Однако "специфическое связывание" также может относиться к способности антитела различать антиген-мишень и один или несколько близкородственных антигенов, которые используют в качестве ориентиров, например, MST1R-мишень и семафорин-мишень. Кроме того, "специфическое связывание" может относиться к способности антитела различать различные части его антигена-мишени, например, различные домены или области MST1R, такие как эпитопы в N-концевой или в C-концевой области MST1R-мишени, или один или несколько ключевых аминокислотных остатков или участков из аминокислотных остатков MST1R-мишени.

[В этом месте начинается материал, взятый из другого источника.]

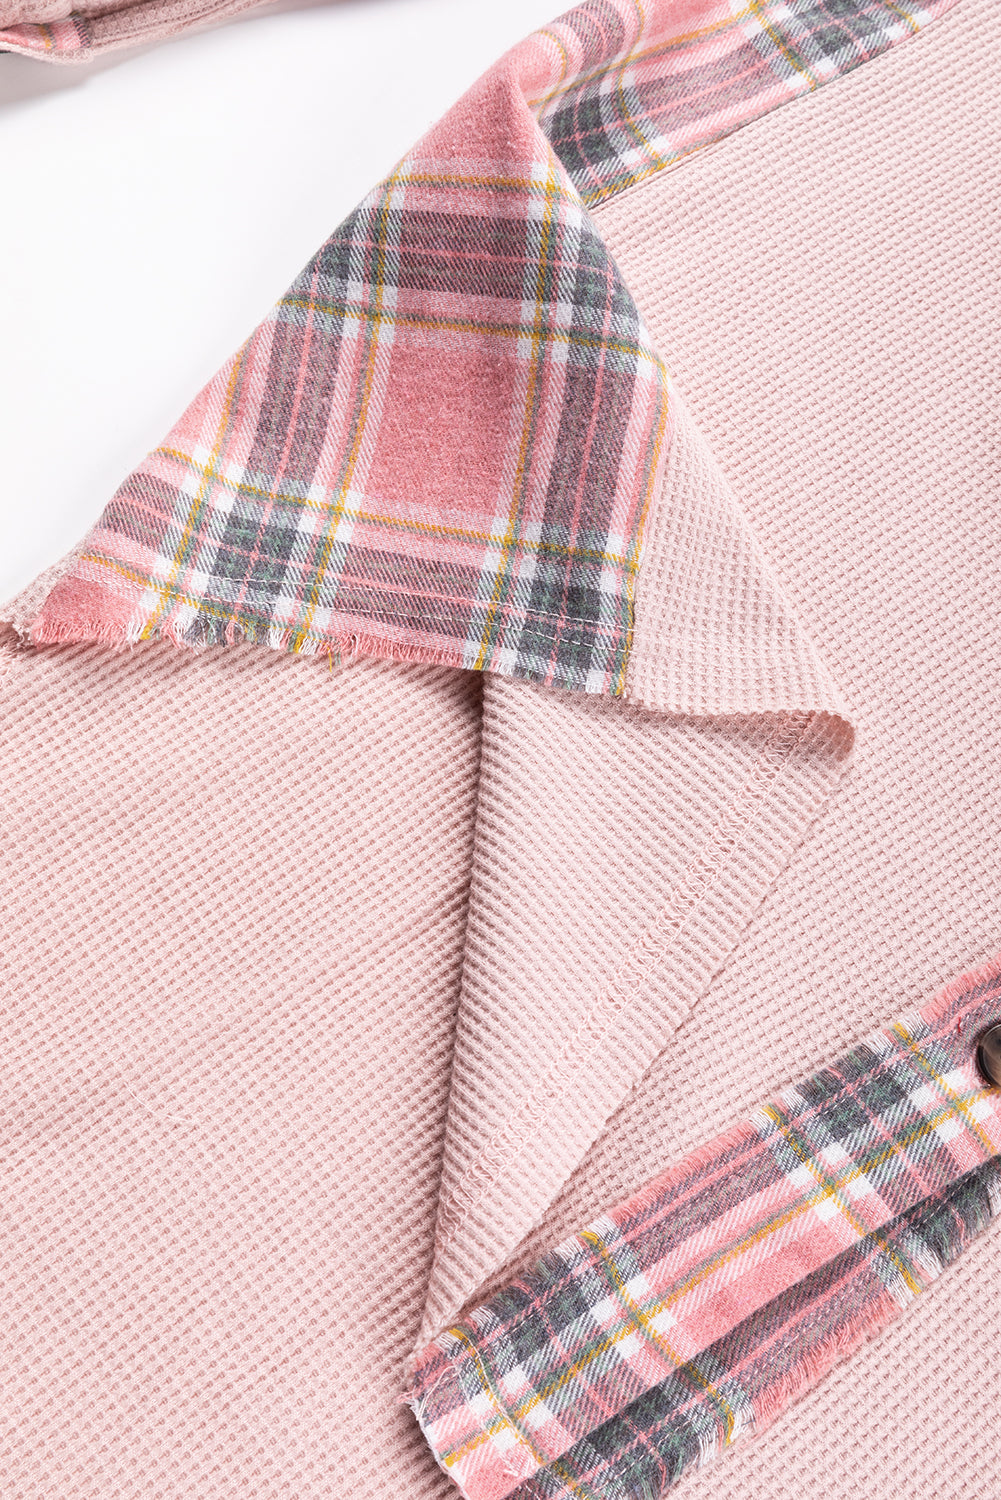 Veste surdimensionnée en tricot gaufré haut et bas à carreaux rose abricot

Также, как используют в настоящем документе, "иммуноглобулин" (Ig) в настоящем документе определен как белок, принадлежащий классу IgG, IgM, IgE, IgA или IgD (или любому их подклассу), и включает все общеизвестные антитела и их функциональные фрагменты. "Функциональный фрагмент" антитела/иммуноглобулина в настоящем документе определен как фрагмент антитела/иммуноглобулина (например, вариабельная область IgG), который сохраняет антиген-связывающую область. "Антиген-связывающая область" антитела, как правило, находится в одной или нескольких гипервариабельных областях антитела, т.е., в областях CDR-1, -2 и/или -3; однако "каркасные" области вариабельного домена также могут играть важную роль в связывании антигена, такую как обеспечение поддержки для CDR. В различных вариантах осуществления "антиген-связывающая область" содержит по меньшей мере аминокислотные остатки 4-103 вариабельного домена легкой цепи (VL) и 5-109 вариабельного домена тяжелой цепи (VH), аминокислотные остатки 3-107 VL и 4-111 VH, и являются полными цепями VL и VH (положения аминокислот 1-109 VL и 1-113 VH; нумерация по WO 97/08320). Характерный класс иммуноглобулинов для применения в вариантах осуществления, описываемых в настоящем документе, представляет собой IgG. "Функциональные фрагменты" по изобретению включают домен F(ab')₂-фрагмента, Fab-фрагмент и scFv. F(ab')₂ или Fab можно конструировать для минимизации или полного устранения межмолекулярных взаимодействий в виде образования дисульфидных связей, которые происходят между доменами CH1 и CL.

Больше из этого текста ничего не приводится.